In [0]:
# Retreive task values from previous tasks (bronze and silver)

bronze_output = dbutils.jobs.taskValues.get(taskKey = "Bronze", key = "bronze_output")
silver_data = dbutils.jobs.taskValues.get(taskKey = "Silver", key = "silver_output")

start_date = bronze_output.get("start_date", "")
silver_adls = bronze_output.get("silver_adls", "")
gold_adls = bronze_output.get("gold_adls", "")


In [0]:
from pyspark.sql.functions import col, when, udf
from pyspark.sql.types import StringType
import reverse_geocoder as rg # Make sure that it is installed on the used cluster 
from datetime import date, timedelta

In [0]:
df = spark.read.parquet(silver_data).filter(col('time') > start_date)

In [0]:

def get_country_code(lat, long)-> str:
    """
    Retrieve the country code for a given latitude and longitude.

    Parameters:
    lat (float or str): Latitude of the location.
    lon (float or str): Longitude of the location.

    Returns:
    str: Country code of the location, retrieved using the reverse geocoding API.
    """
    try:
        coordinates = (float(lat), float(long))
        result = rg.search(coordinates)[0].get('cc')
        print(f"Processed coordinates: {coordinates} -> {result}")
        return result
    except Exception as e:
        print(f"Error processing coordinates: {lat}, {long} -> {str(e)}")
        return None


In [0]:
# Passing the function to be used with spark dataframes using udf(user defined functions)
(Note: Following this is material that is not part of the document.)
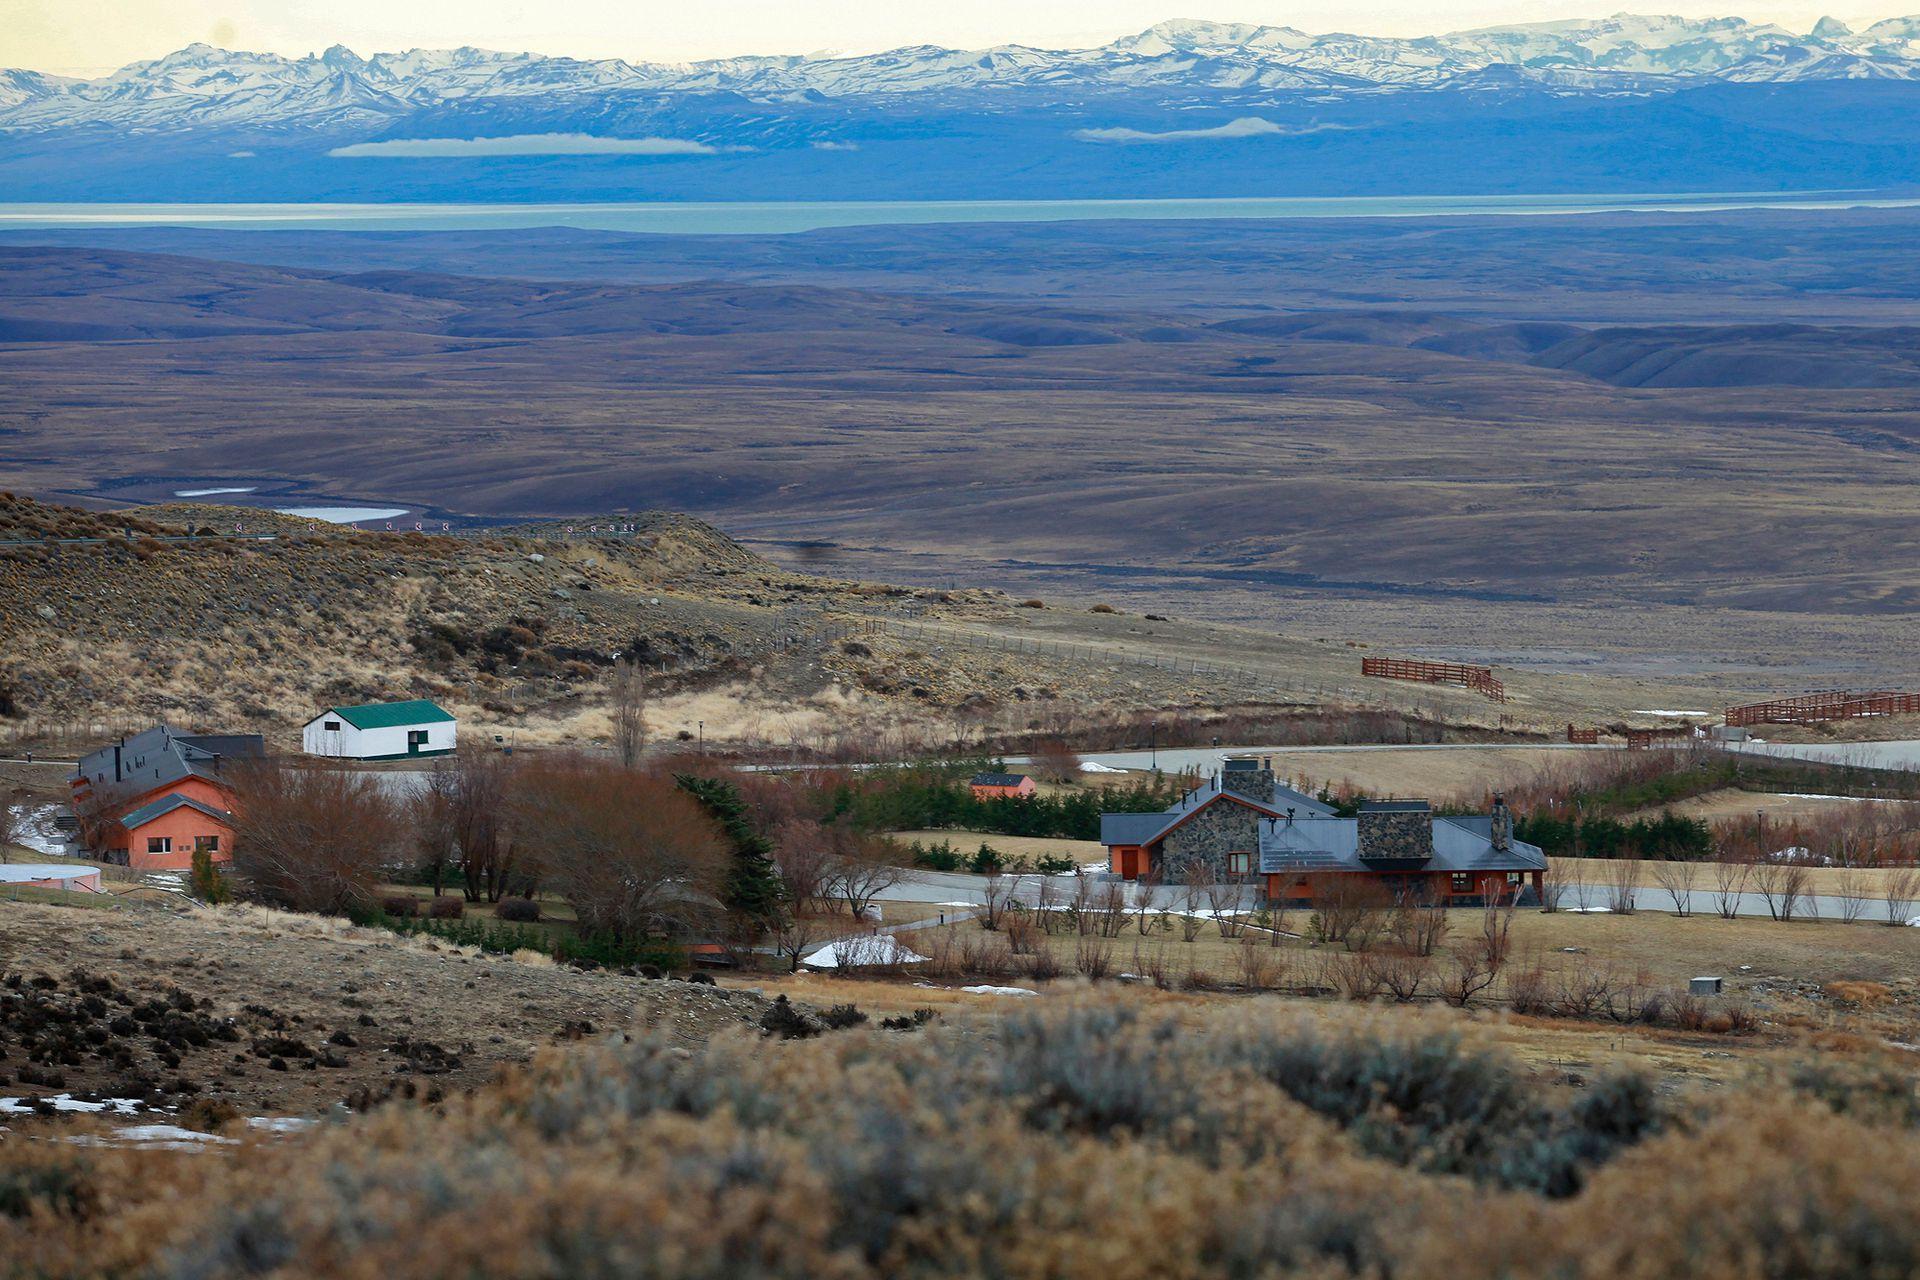 Al fondo de la estancia Cruz Aike, una de las propiedades de Lázaro Báez, se puede ver el Lago Argentino y la cordillera de Los Andes

get_country_code_udf = udf(get_country_code, StringType())


In [0]:
# Adding country code and city attributes

df_with_location = df.withColumn("country_code", get_country_code_udf(col("latitude"), col("longitude")))

In [0]:
# Adding signifia=cance class
df_with_location = df_with_location.withColumn("sig", 
                                               when(col('sig')<100, 'Low').
                                               when((col('sig')>100) & (col('sig')<500), "Moderate").
                                               otherwise("High")
                                               )

In [0]:
# Save the transformed df to the gold container
gold_output_path = f"{gold_adls}earthquake_events_gold/"

In [0]:
# Append df to gold container in parquet format
df_with_location.write.mode("append").parquet(gold_output_path)